アーキテクチャの観点から見ると、SPACE モデルは、エンコーダー (3 層のグラフ アテンション ネットワーク)、近接グラフ デコーダー、および遺伝子発現デコーダーの 3 つの部分で構成されます。次の図は、モデルの全体的なフレームワークを示しています。
性能評価
※SPACEは、STデータセットの空間情報に基づいて、生物学的に異なる空間情報を持つ細胞種を識別することができます。
* SPACE は、ST データから空間的に有益な細胞タイプを区別するために現在利用可能なツールよりも優れています。
* SPACE は、モジュールの発見を整理する点で最先端のツールを上回ります。
清華大学張強峰研究室
Zhang Qiangfeng の研究室は清華大学生命科学部に所属しており、清華大学と北京大学の生命科学共同センターおよび北京構造生物学先端イノベーションセンターの重要な構成要素でもあります。
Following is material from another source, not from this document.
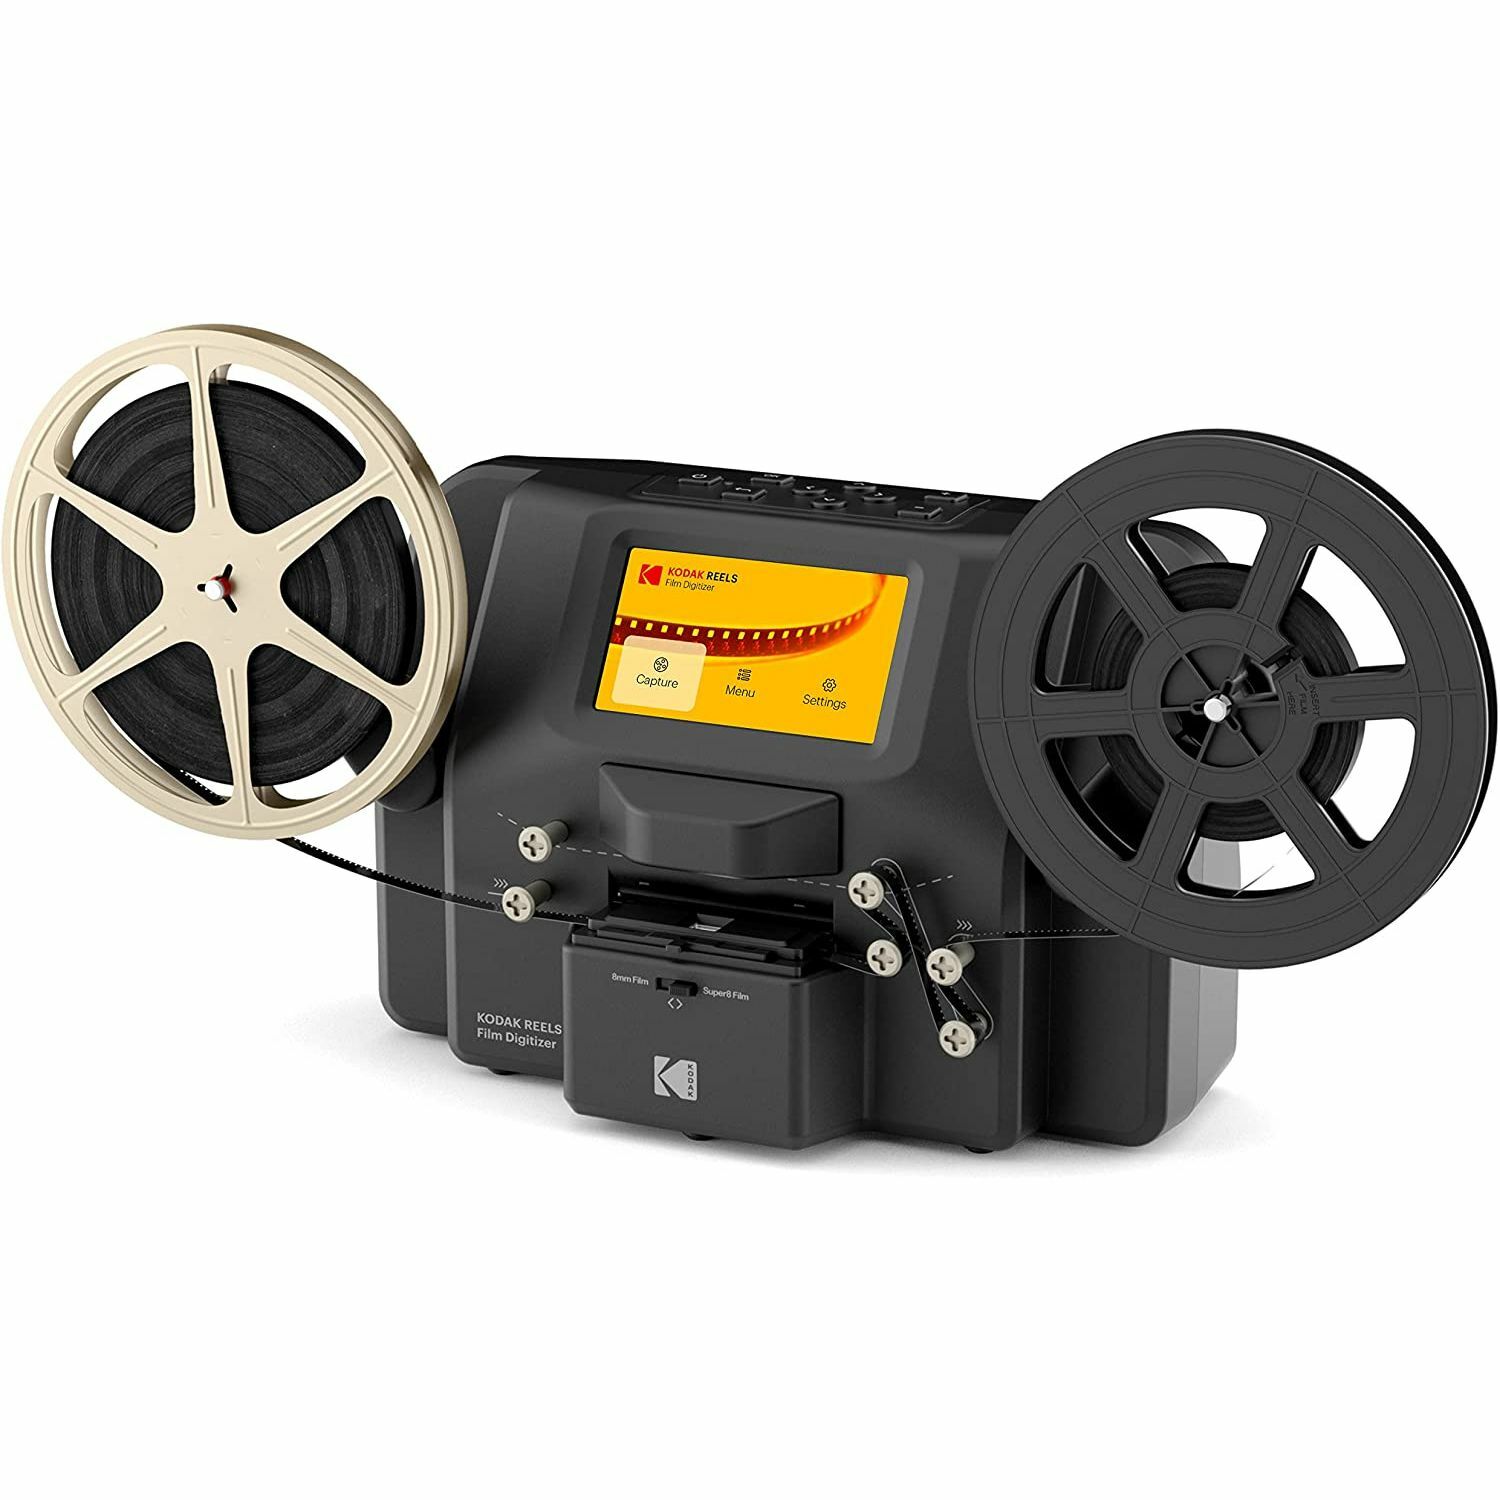  8mm Film Take-Up Reel 7 Metal Reel : Electronics

研究室では、構造生物学、ゲノミクス、機械学習、ビッグデータ解析などの学際的な分野に焦点を当て、構造生物学とシステム生物学の融合、計算と実験を組み合わせた手法の開発と利用、生物学の解釈を主な研究方向としています。高分子(タンパク質、RNA、DNAなど)の構造と機能の関係、相互作用ネットワークの再構築、タンパク質やRNAの構造変化と高分子相互作用の異常に関連する複雑な疾患(がんや感染症など)の発症メカニズムの解明そして考えられる治療法。
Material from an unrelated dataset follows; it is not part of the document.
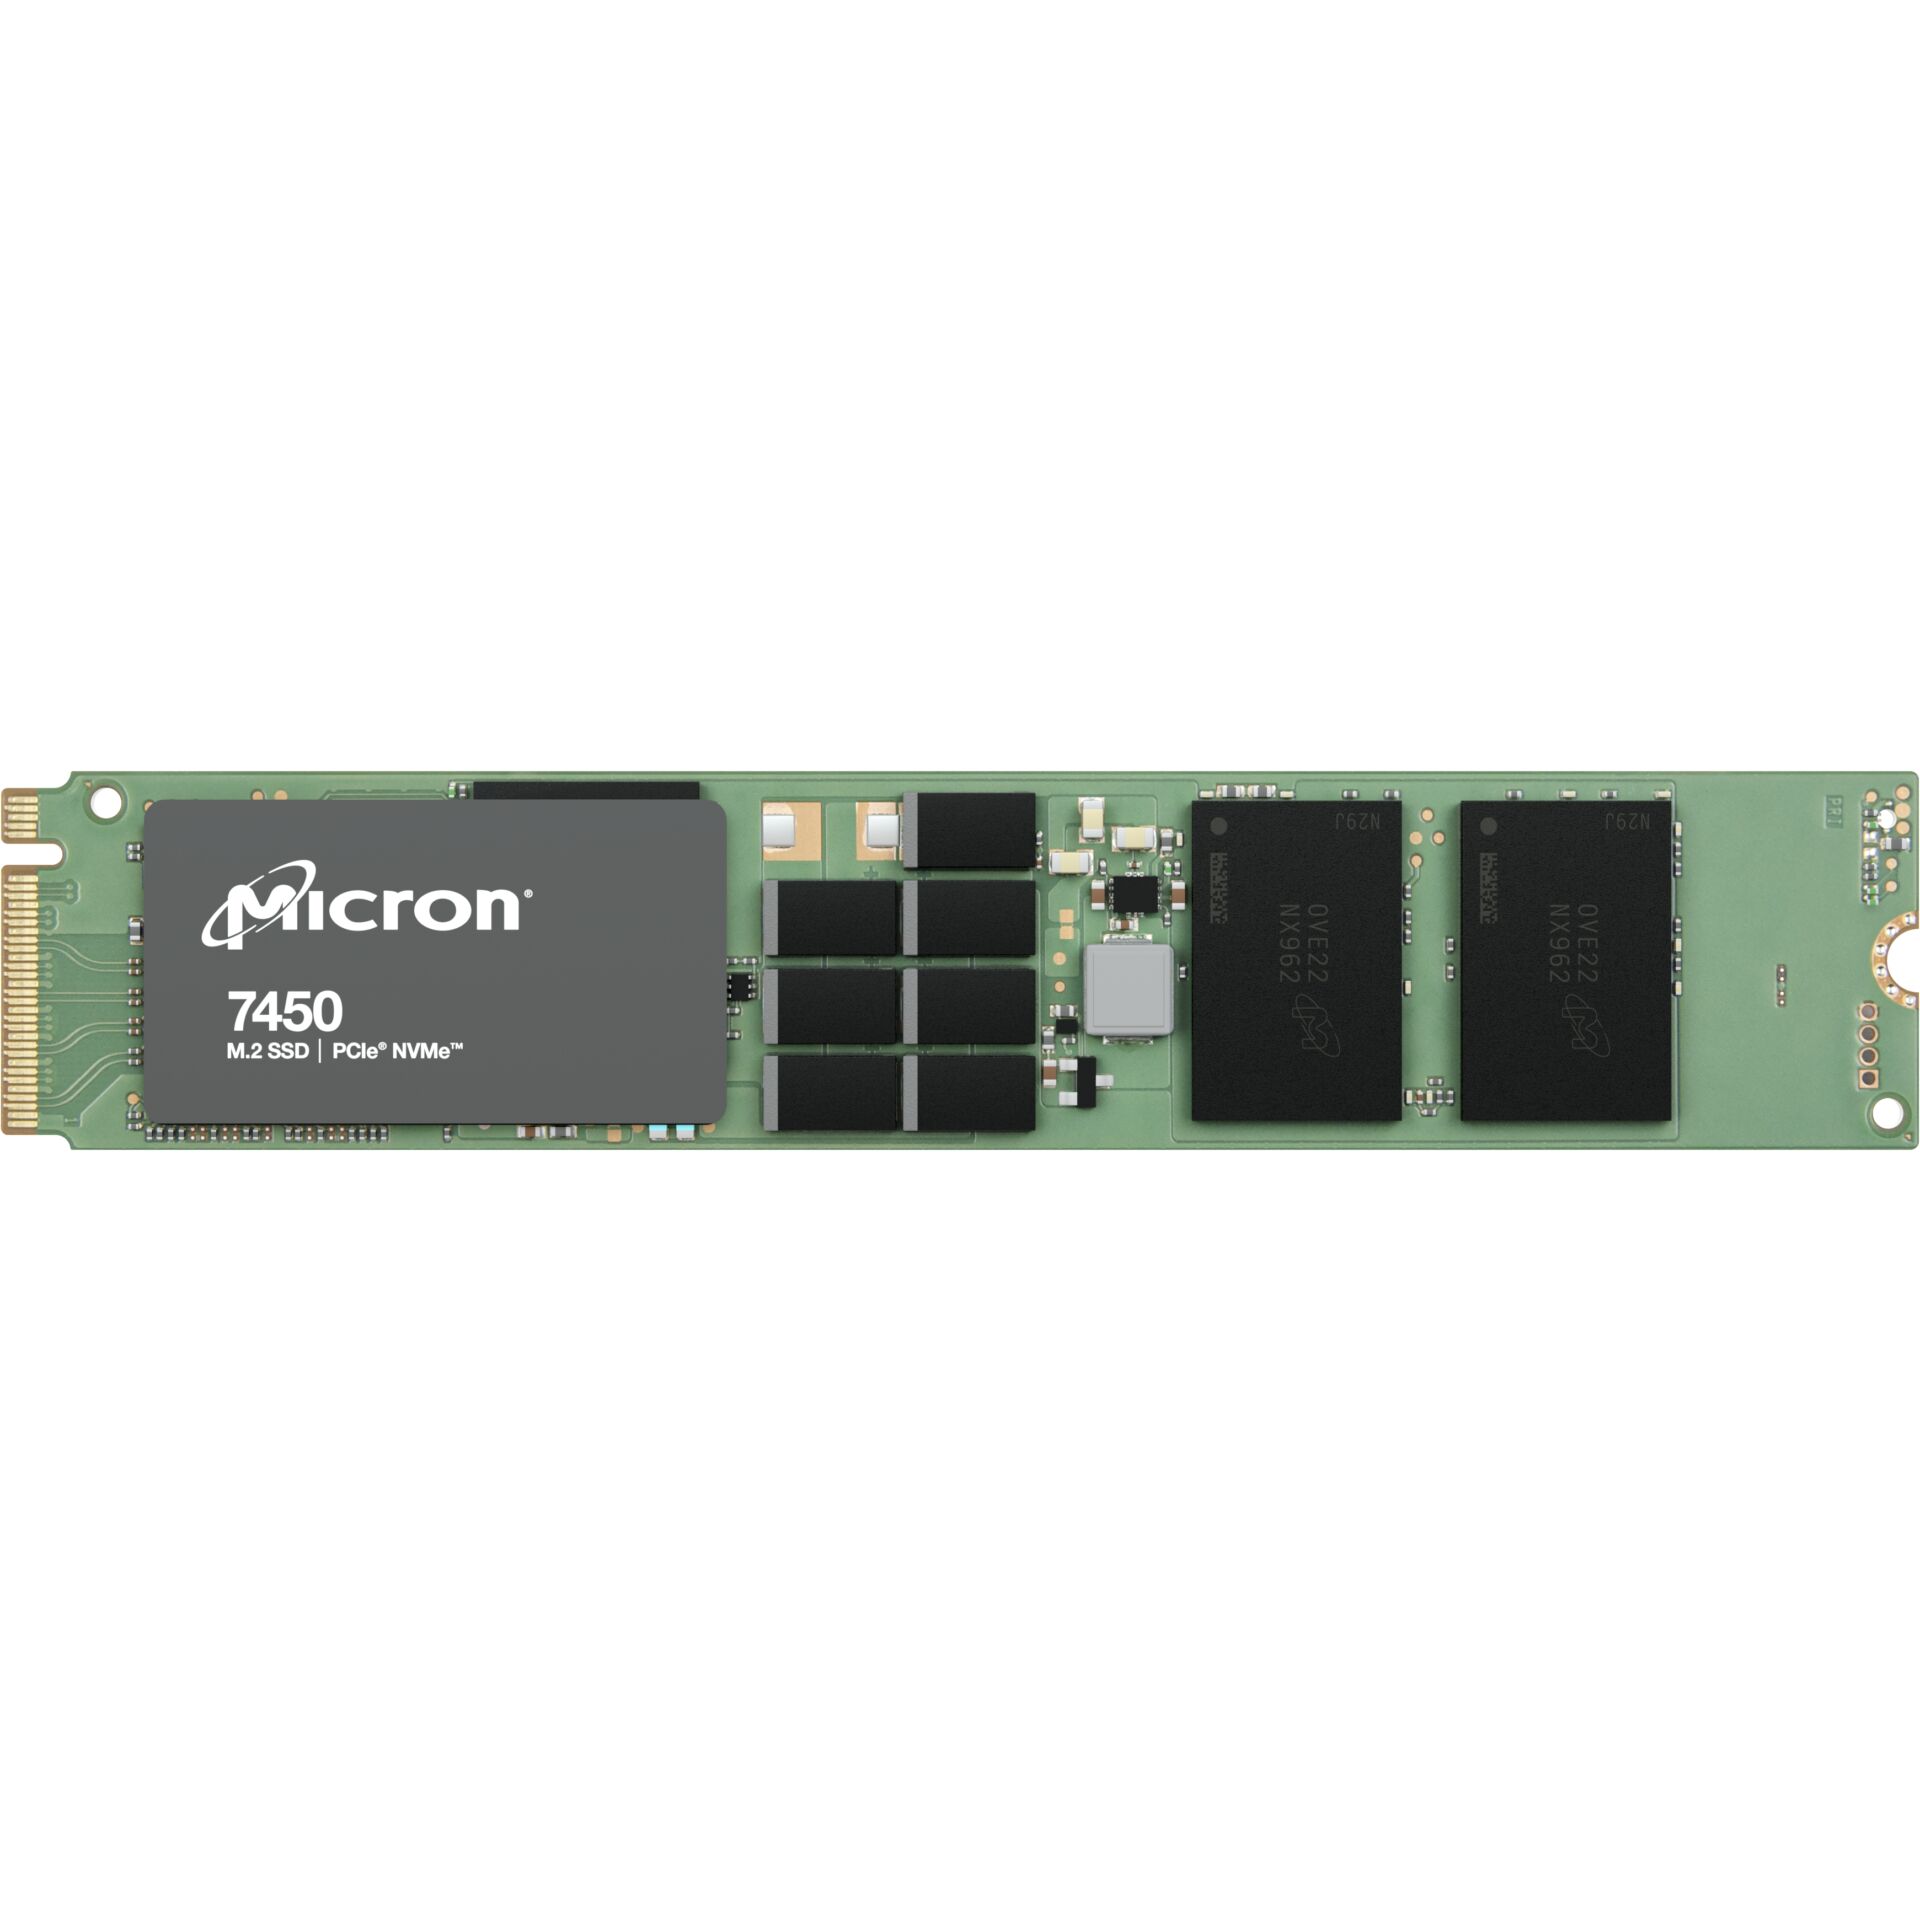 MICRON 7450 PRO 1920GB NVMe M.2 (22x110) Non-SED Enterprise SSD [Single Pack]

この研究室には、研究者の最先端研究を推進するための独自のタンパク質および RNA 構造モデリング、次世代シーケンシングに基づく RNA 構造測定、ハイスループットの RNA-タンパク質相互作用検出技術、強力なコンピューティングおよび実験プラットフォームが備わっています。
AI4S ライブ シリーズを紹介します
HyperAI (hyper.ai) は、データサイエンス分野における中国最大の検索エンジンであり、AI for Science の最新の科学研究成果に焦点を当て、Nature や Science などのトップジャーナルの学術論文をリアルタイムで追跡しています。これまでに 100 件を超える AI for Science 論文の解釈を行っています。
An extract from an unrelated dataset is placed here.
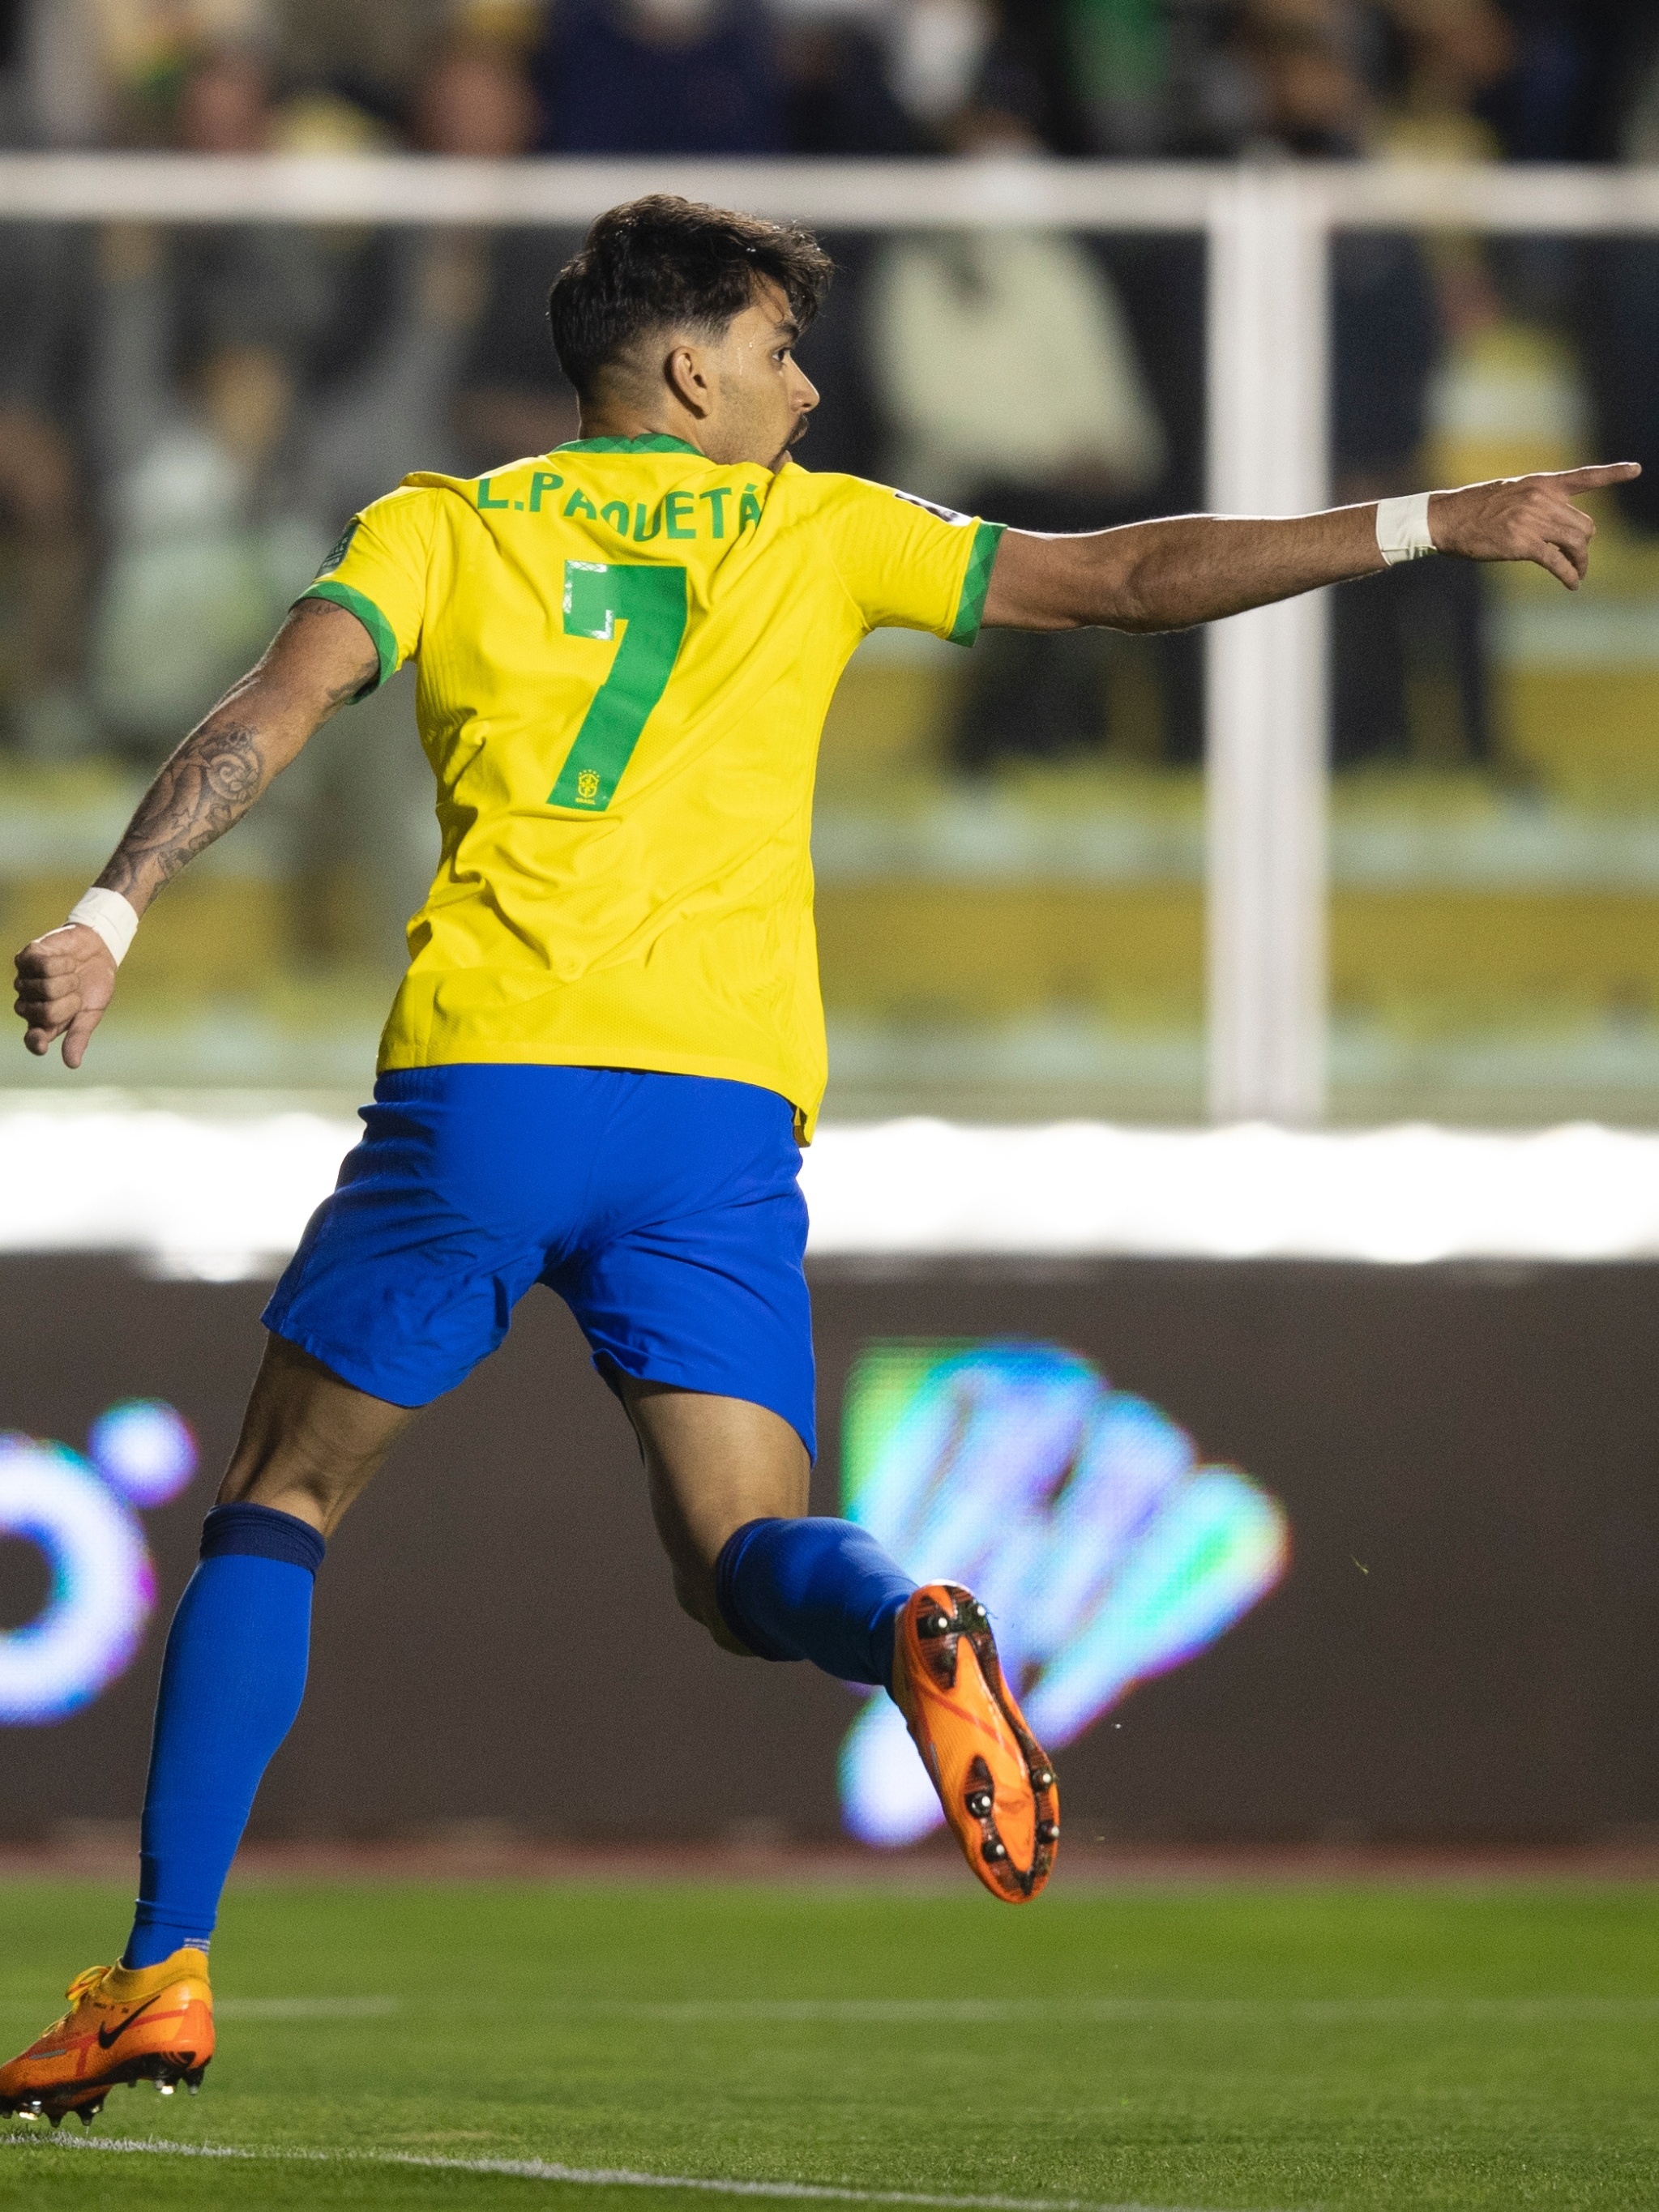 Eliminatórias: como foram os últimos jogos entre Brasil e Bolívia?

さらに、中国で唯一の AI for Science オープンソース プロジェクト awesome-ai4s も運営しています。
* プロジェクトアドレス:
https://github.com/hyperai/awesome-ai4s
AI4S の普遍化をさらに促進し、学術機関の科学研究成果の普及障壁をさらに引き下げ、より幅広い業界の研究者、技術愛好家、産業界と共有するために、HyperAI は「Meet AI4S」ビデオ コラムを企画しました。 AI に深く関わっている人々を招待し、科学研究分野の研究者や関連部門を招待し、研究結果や方法論的アイデアをビデオの形式で共有し、科学研究の進歩の過程で AI 科学が直面する機会と課題について共同で議論します。 AI for Science の科学的普及と普及を促進します。